In order to find the last three digits of $6^{2002}$ it is enough to compute the remainders $\!\!\pmod{8}$ and $\!\!\pmod{125}$, where the former is clearly zero. About the latter, the binomial theorem grants

$$6^{2002} = (5+1)^{2002} = \sum_{k=0}^{2002}\binom{2002}{k}5^k \equiv \sum_{k=0}^{2}\binom{2002}{k}5^k\equiv 36\pmod{125} $$ hence the last three digits of $6^{2002}$ are $\color{red}{536}$ by the Chinese remainder theorem.

Answer 5

It is possible to do this without the Chinese Remainder Theorem, just using the binomial expansion.
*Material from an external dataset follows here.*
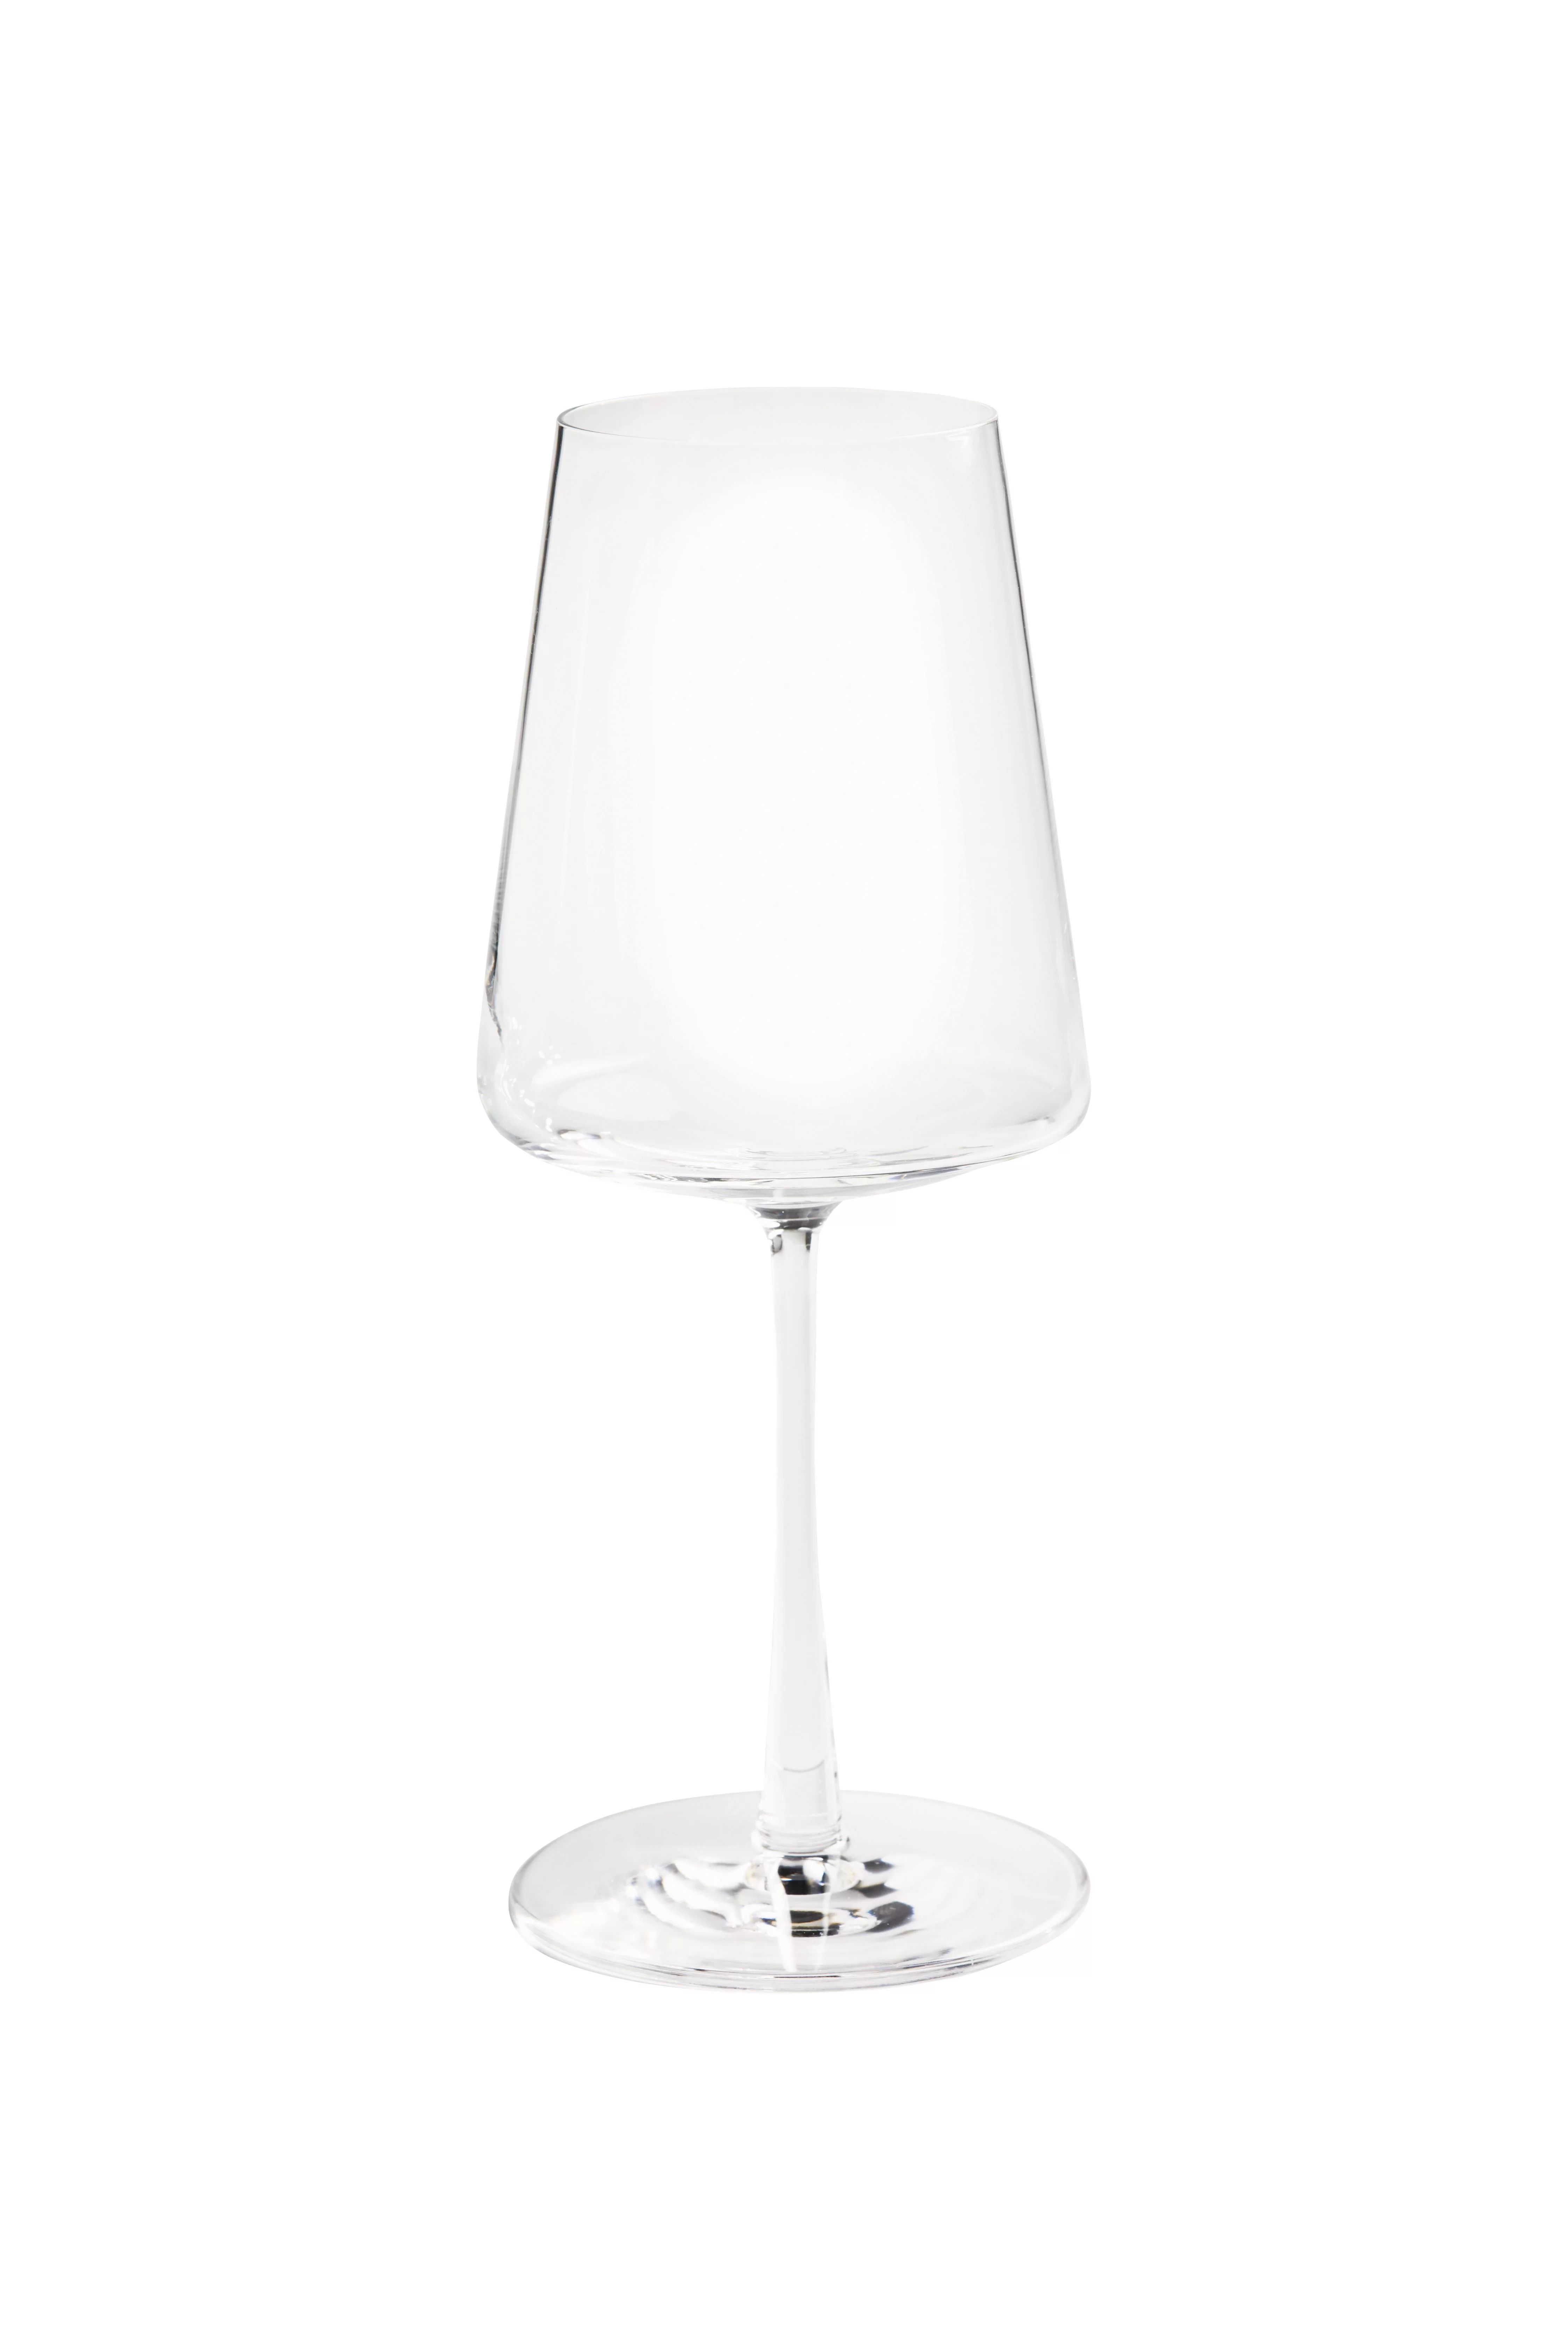 Better Homes & Gardens Clear Flared White Wine Glass with Stem, 4 Pack | Walmart (US)

Note that $$\begin{align}2^{500k} &= (30+2)^{100k} = 2^{100k} \pmod{1000},\\ 2^{10k} &= (1000+24)^k \equiv 24^k \pmod{1000},\\ 24^{5k} &= 2^{15k}3^{5k} = (32000+768)^k 243^k \equiv (768\cdot 243)^k \pmod{1000} \\ &\equiv (100+600+580+344)^k \pmod{1000} \equiv 624^k \pmod{1000},\end{align}$$ and $$\begin{align} 624^{4k} &= (600+24)^{4k} \equiv 4k\cdot 600\cdot 24^{4k-1} + 24^{4k} \pmod{1000} \\ &\equiv (100k + 1)\cdot 24^{4k} \pmod{1000}.\end{align}$$ In particular, $$\begin{align} 2^{4000} &\equiv 2^{10\cdot 80} \pmod{1000} \equiv 24^{5\cdot 16} \pmod{1000} \\ &\equiv 624^{16} \pmod{1000} \equiv (401)24^{16} \pmod{1000} \\ &\equiv 24(401)624^3 \pmod{1000} \equiv (8020+1604)624^3 \pmod{1000} \\ &\equiv 624^4 \pmod{1000} \equiv (101)24^4 \pmod{1000}.\end{align}$$

We then have $$\begin{align} 6^{2002} &= (10-4)^{2002} \\ &= \binom{2002}{2} 100\cdot 4^{2000} - 2002\cdot 10\cdot 4^{2001} + 4^{2002} \pmod{1000},\end{align}$$ so $$\begin{align} &6^{2002} \\ &\equiv 100\cdot 24^4(101)(1000+1)(2000+1) - 80\cdot 24^4(101)(1000+1) + 16\cdot 24^4(101) \pmod{1000} \\ &\equiv (100-80+16)\cdot 24^4\cdot 101 \pmod{1000} \equiv 36(101)24^4 \pmod{1000} \\ &\equiv (53/2)\cdot 24^5 \pmod{1000} \equiv 53\cdot 312 \pmod{1000} \equiv 600 + 936 \pmod{1000} \\ &\equiv \color{red}{536} \pmod{1000}.\end{align}$$

Answer 6

I used the formula $\frac {1}{10^k} [n-a_k (n)]$. The last two digits is 36. I obtained the hundreds digit this way: $\frac {1}{100}(6^{2002}-36)=\frac {9}{25}(6^{2000}-1)=\frac {9}{25} (6^{2000}-1)=\frac {9}{25}((6^5)^{400}-1)=\frac {9}{25}((7776)^{400}-1)=\frac {9}{25}(7776-1)(7776^{399}+7776^{398}+...+7776^2+77766+1)\equiv9\cdot311\cdot(6+6+...+6+6+1)\equiv9\cdot1\cdot(399\cdot6+1)\equiv9\cdot1\cdot(9\cdot6+1)\equiv9\cdot1\cdot5\equiv5 (mod 10)$ Therefore, the last three digits of $6^{2002}$ are $536$.